Not Chuffed About CHIFF: Pushing Back On International Adoption Policy

“Chuffed” is British slang for being pleased, mixed with a bit of proud.

CHIFF is the Children in Families First Act. I’ve written here about Why CHIFF Will (and Should) Fail, and here about What CHIFF Lacks, And Why It Must Be Abandoned.

I am not chuffed about CHIFF. Those two posts above explain why.

Not surprisingly, I’ve gotten some pushback from folks at adoption agencies about my views.

Why am I opposed to helping children who need families?

I’m not, it turns out. I believe adoption is a potential, positive option for children in genuine need of families. I agree that children are better off growing up in safe, loving families rather than in institutions. As is often the case, however, this is far more complicated than a warm and fuzzy scenario of homes for orphans. CHIFF is about a new bureaucracy, plus misplaced funding that ignores existing needs, and a blatant failure to include those most affected.

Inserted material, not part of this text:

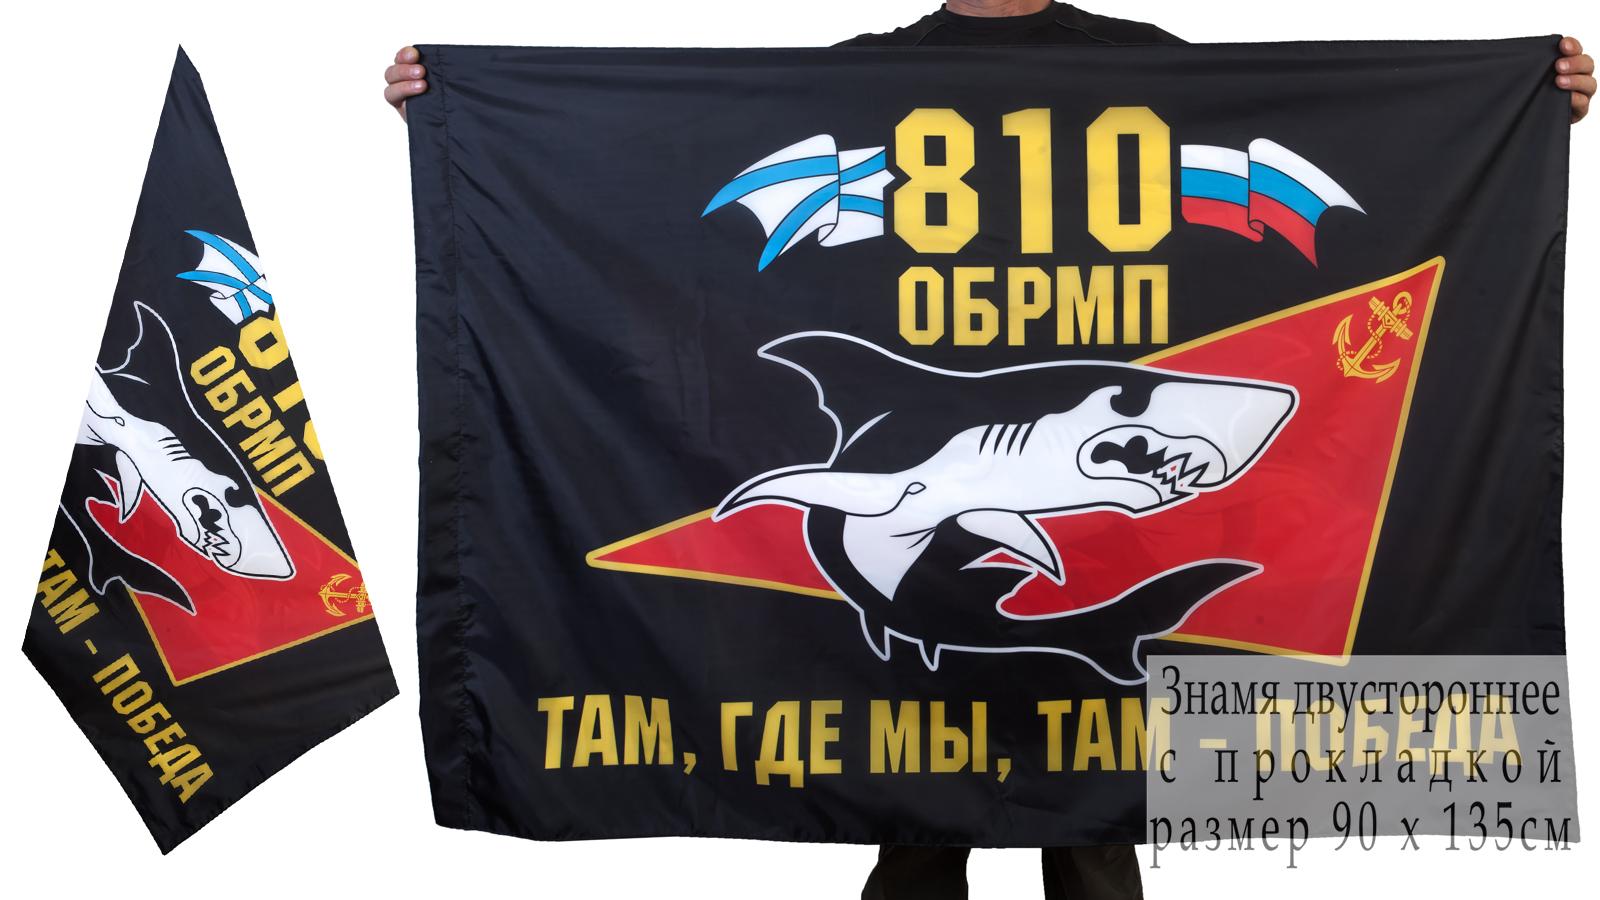 Флаг морпехов 810-ой ОБрМП с девизом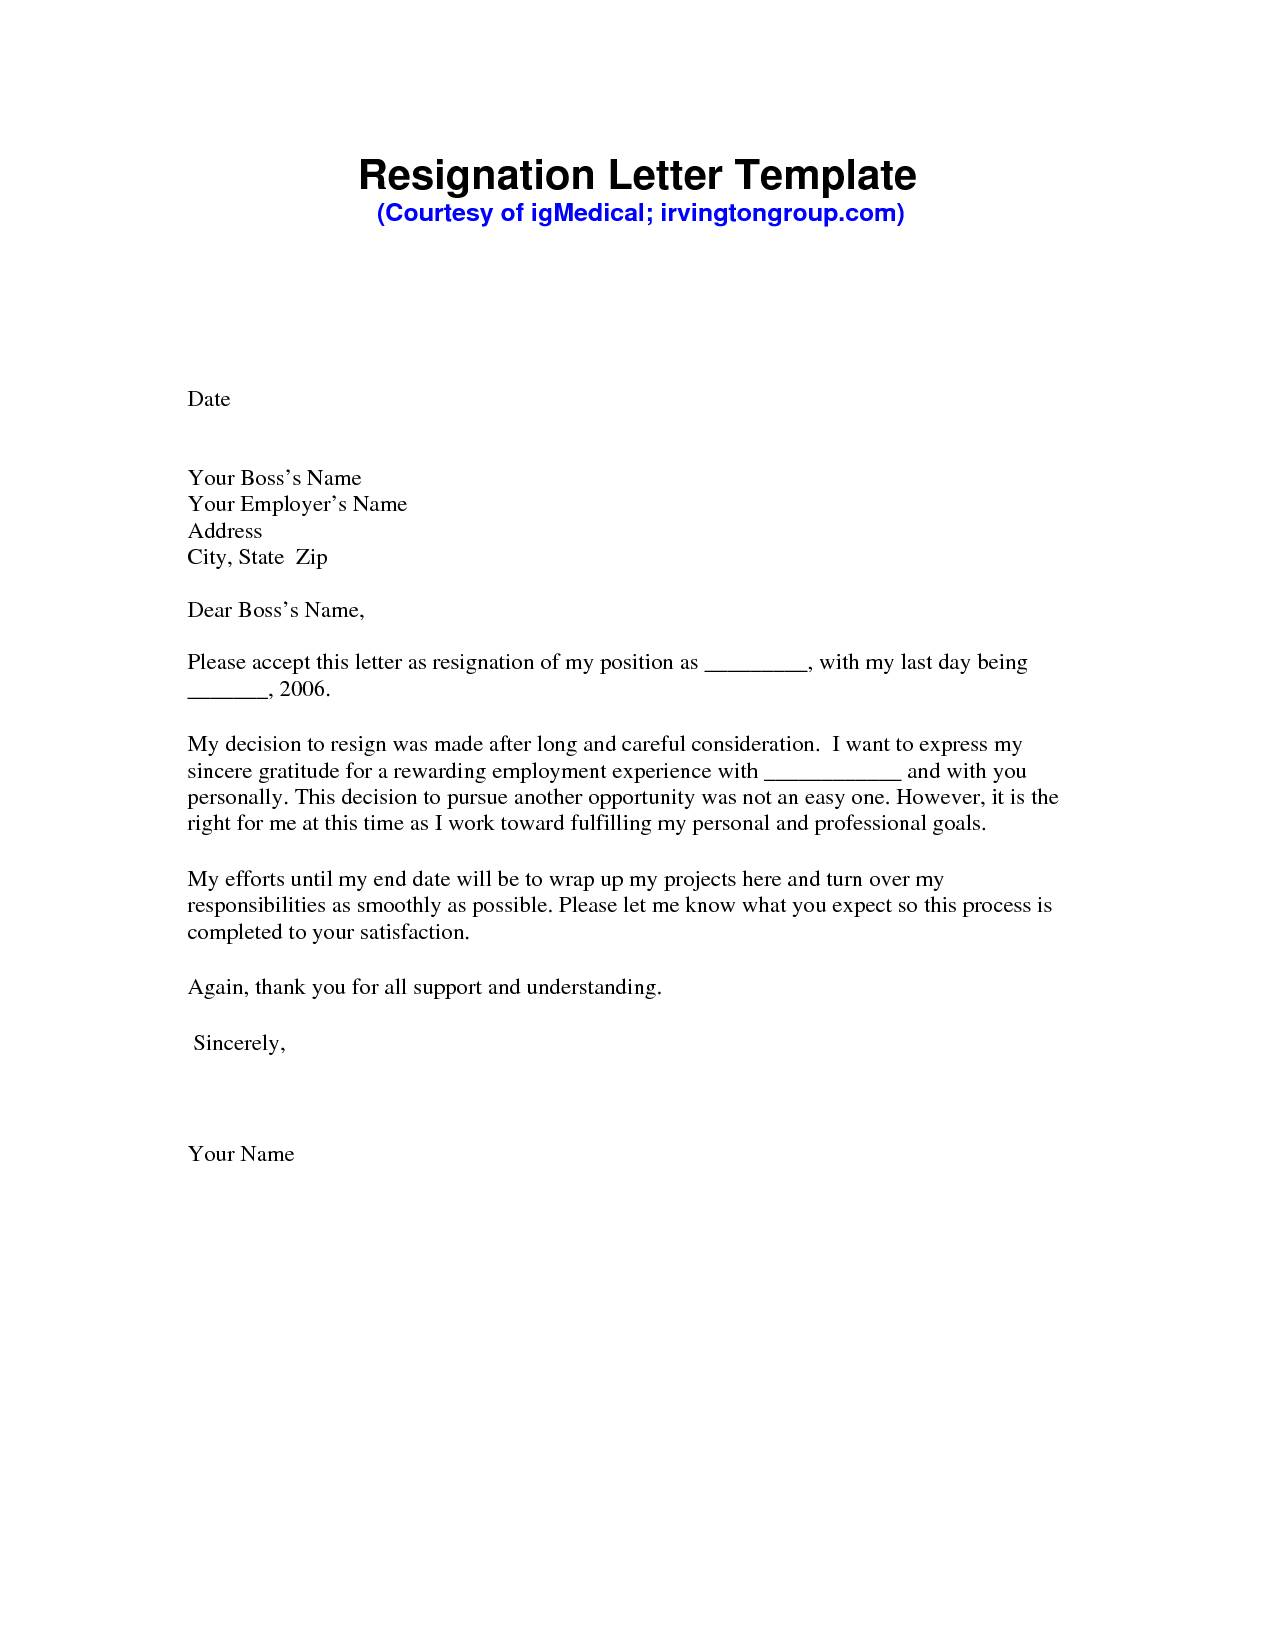 Resignation Letter Templates Pdf

Many years ago, when I was working for the Joint Council on International Children’s Services (I was there from 1995-2000), we worked on several pieces of significant adoption-related legislation. One was the Hague Convention on Intercountry Adoption. Two others were part of the immigration bill in 1996, one requiring immunizations prior to immigration to the US, and the other mandating deportation of non-US citizens who were convicted of a felony. The immunizations issue was settled fairly easily, with prospective adoptive parents having to sign a form saying they would get their children immunized here (or get an exemption for religious reasons, for example).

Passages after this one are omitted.